LILI LOOFBOUROW: We are in a moment where the status quo is trying its hardest to hyper correct by saying out loud the things that used to paper over with a socially acceptable veneer of chivalry. When you have a class of people who had things arranged, such that in any situation that involves a man and a woman alone, the woman absorbs 100 percent of the risk to her physical safety and to her reputation and he shoulders none. Of course there are going to be extremely upset for men to have to shoulder any amount of risk under those circumstances becomes intolerable. Their distress is real. One of the things that really struck me during the hearing was how anger circulated in that room and how the one person not permitted to express any was Christine Blase Ford. The theatrics though the GOP demonstrated in the second half of that hearing involved a lot of grabbing the anger ball, so to speak, and just out screaming.
BROOKE GLADSTONE: You know what it reminded me of, in basketball, there's this thing that players do sometimes called flopping. They're touched by another player and then they fall hard on the floor hoping that the umps call a foul.
MALE CORRESPONDENT: And Bosley just throws Corey to the ground.
MALE CORRESPONDENT: Every time he comes up the center screen, if there's any contact, he's going to call to the ground. Alright, let's take a look.
LILI LOOFBOUROW: Yeah haha that's so good. Yeah. That is a strategic performance that cannot be honored. And I think that the #MeToo movement has unleashed a lot of anger that has never been permitted to be expressed or felt.

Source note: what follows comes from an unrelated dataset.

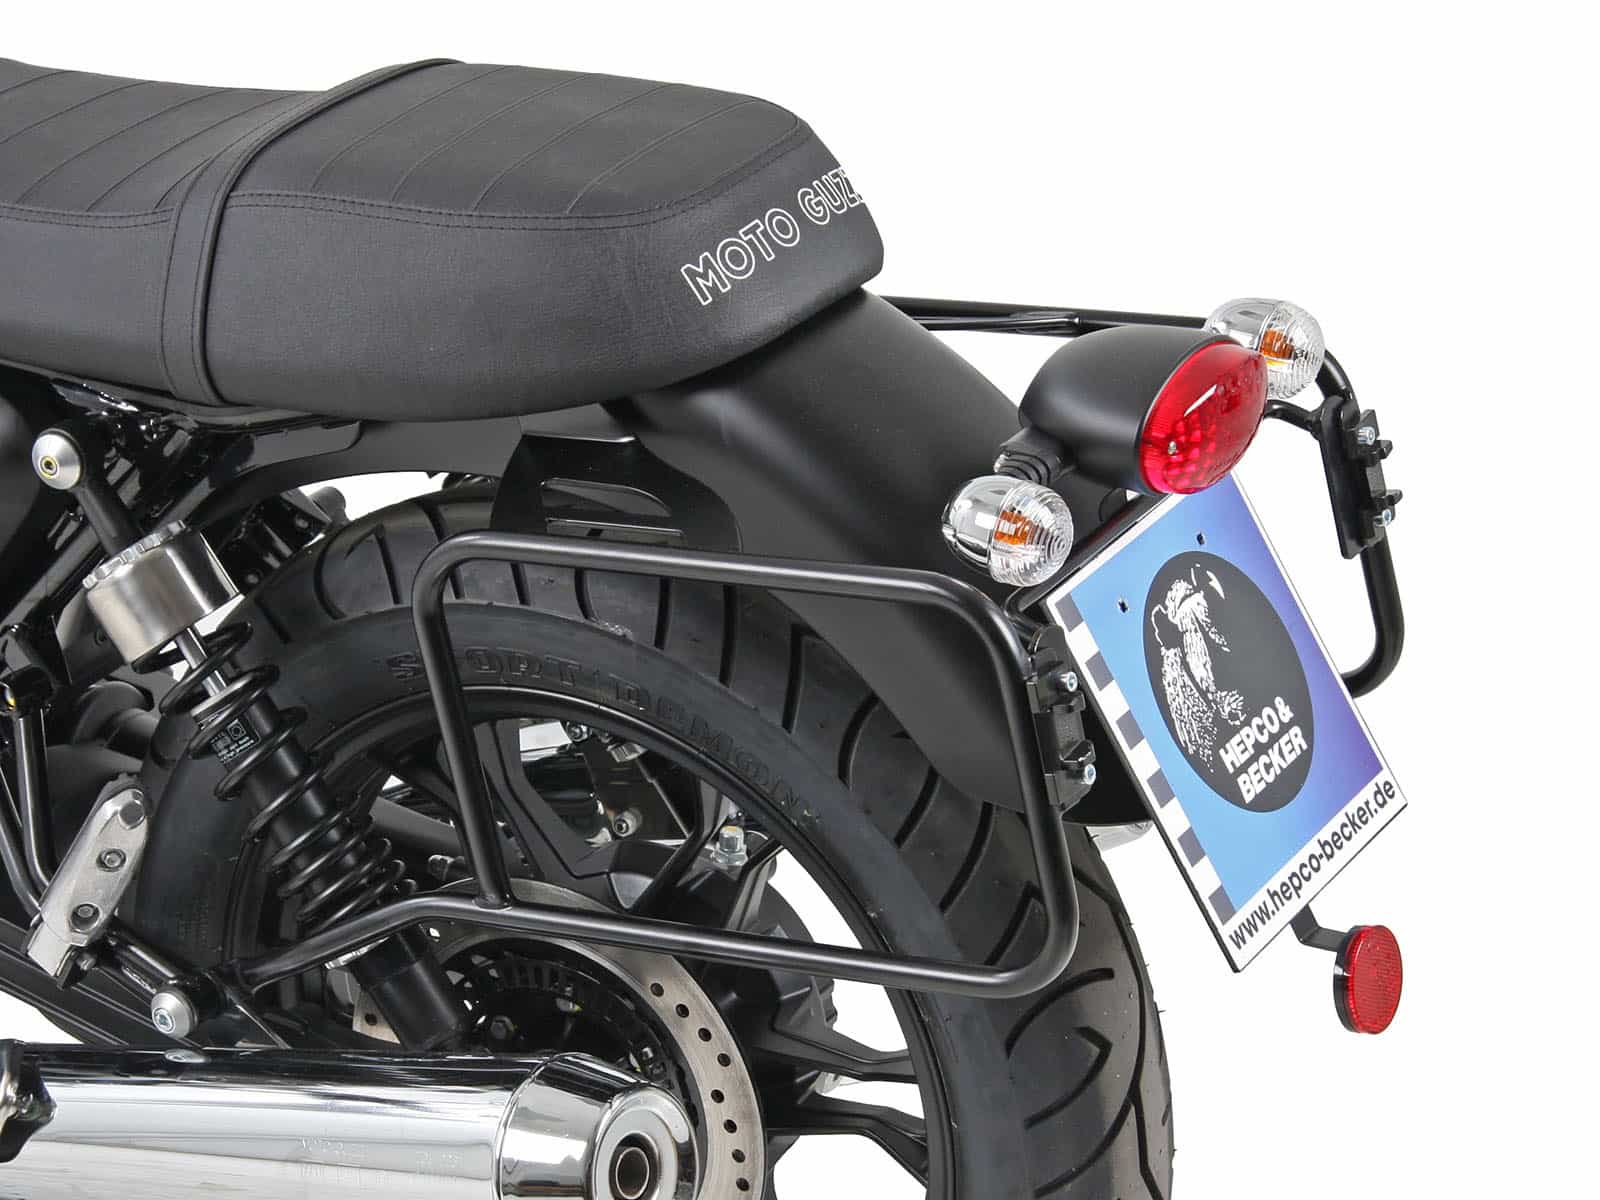 ベンチ 収納付 Hepco  Becker サイドキャリア ブラック Moto Guzzi V Classic Special  バイク用ボックス

FEMALE CORRESPONDENT: Don't you wave your hand at me. I wave my hand at you!
MALE CORRESPONDENT: Can you grow up [talking over].
FEMALE CORRESPONDENT: How dare you talk to women that way! How dare you! [Talking over]
[END OF CLIP]
MARIA GALLAGHER: What you're saying is that my assault doesn't matter. That what happened to me doesn't matter.
[END OF CLIP
LILI LOOFBOUROW: And I think that that is a pretty potent tool. And honestly I think it's actually very healthy for people who have been repressing and bottling up their anger into a socially acceptable performance for as long as they have been feeling it to be able to finally express it.

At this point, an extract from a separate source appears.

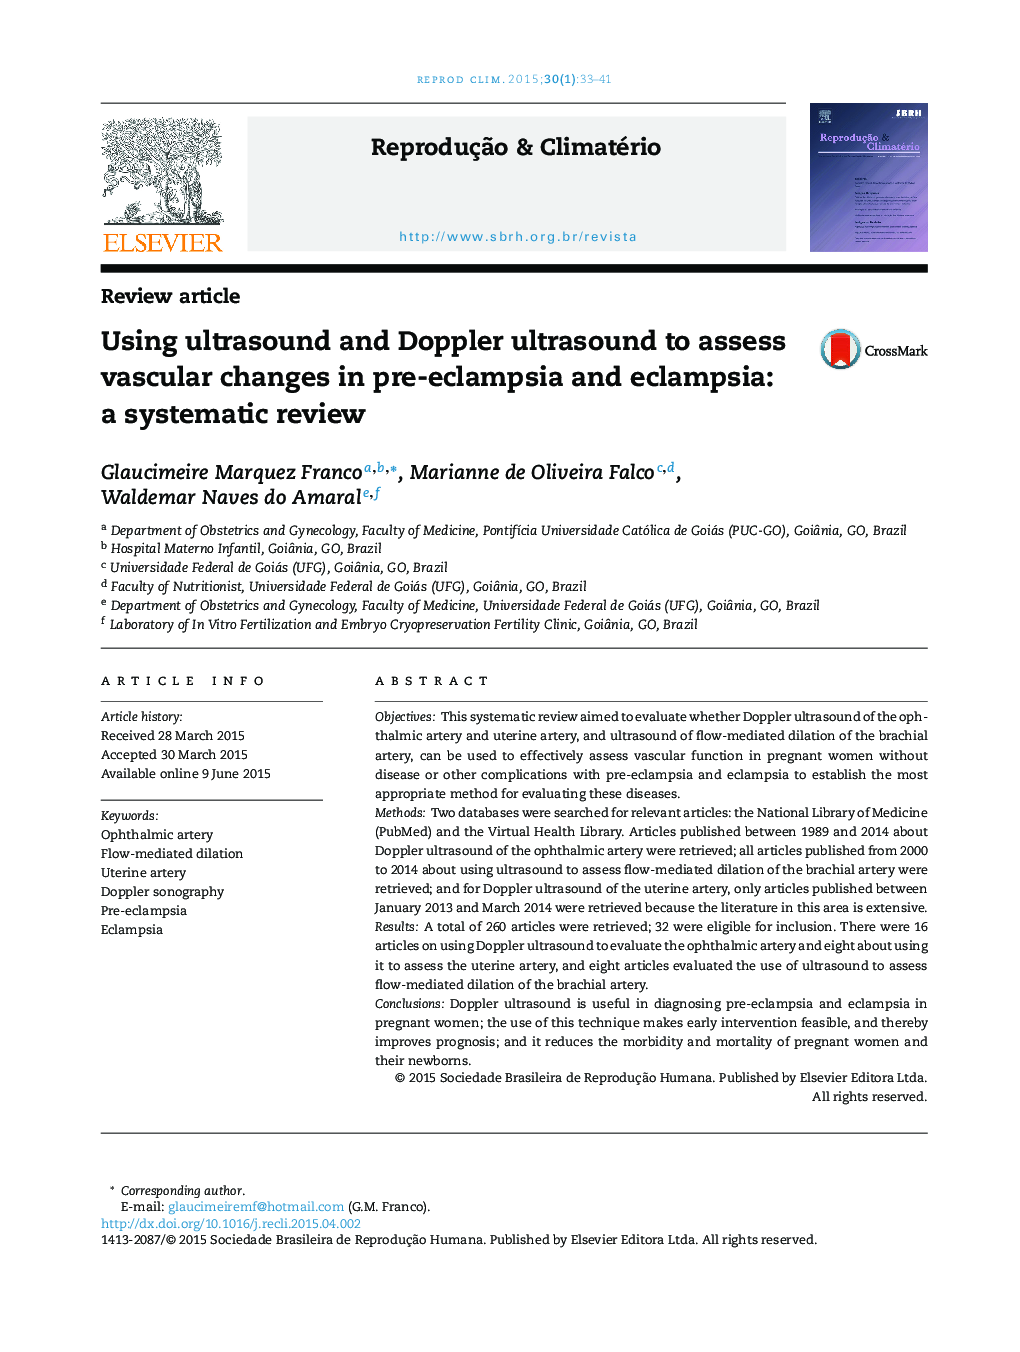 با استفاده از سونوگرافی اولتراسوند و داپلر برای ارزیابی تغییرات عروقی در پیش اکلامپسی و اکلامپسی: بررسی سیستماتیک

BROOKE GLADSTONE: So are you talking about Democratic women or Lindsey Graham.
LILI LOOFBOUROW: I'm talking about Democratic women. I think Lindsey Graham has been expressing just fine. They think he's OK. But when I see that a man is very angry, it's a very instinctive reaction. I'm a little bit afraid and I think to myself oh well he must be right in some way I should retreat a little bit and give ground. That I find myself no longer being very impressed by. I think I'm not alone. The intimidating function that male anger used to serve I think is wearing thin.
BROOKE GLADSTONE: Thank you very much.
LILI LOOFBOUROW: Thanks for having me.
BROOKE GLADSTONE: Lili Loofbourow is a staff writer for Slate.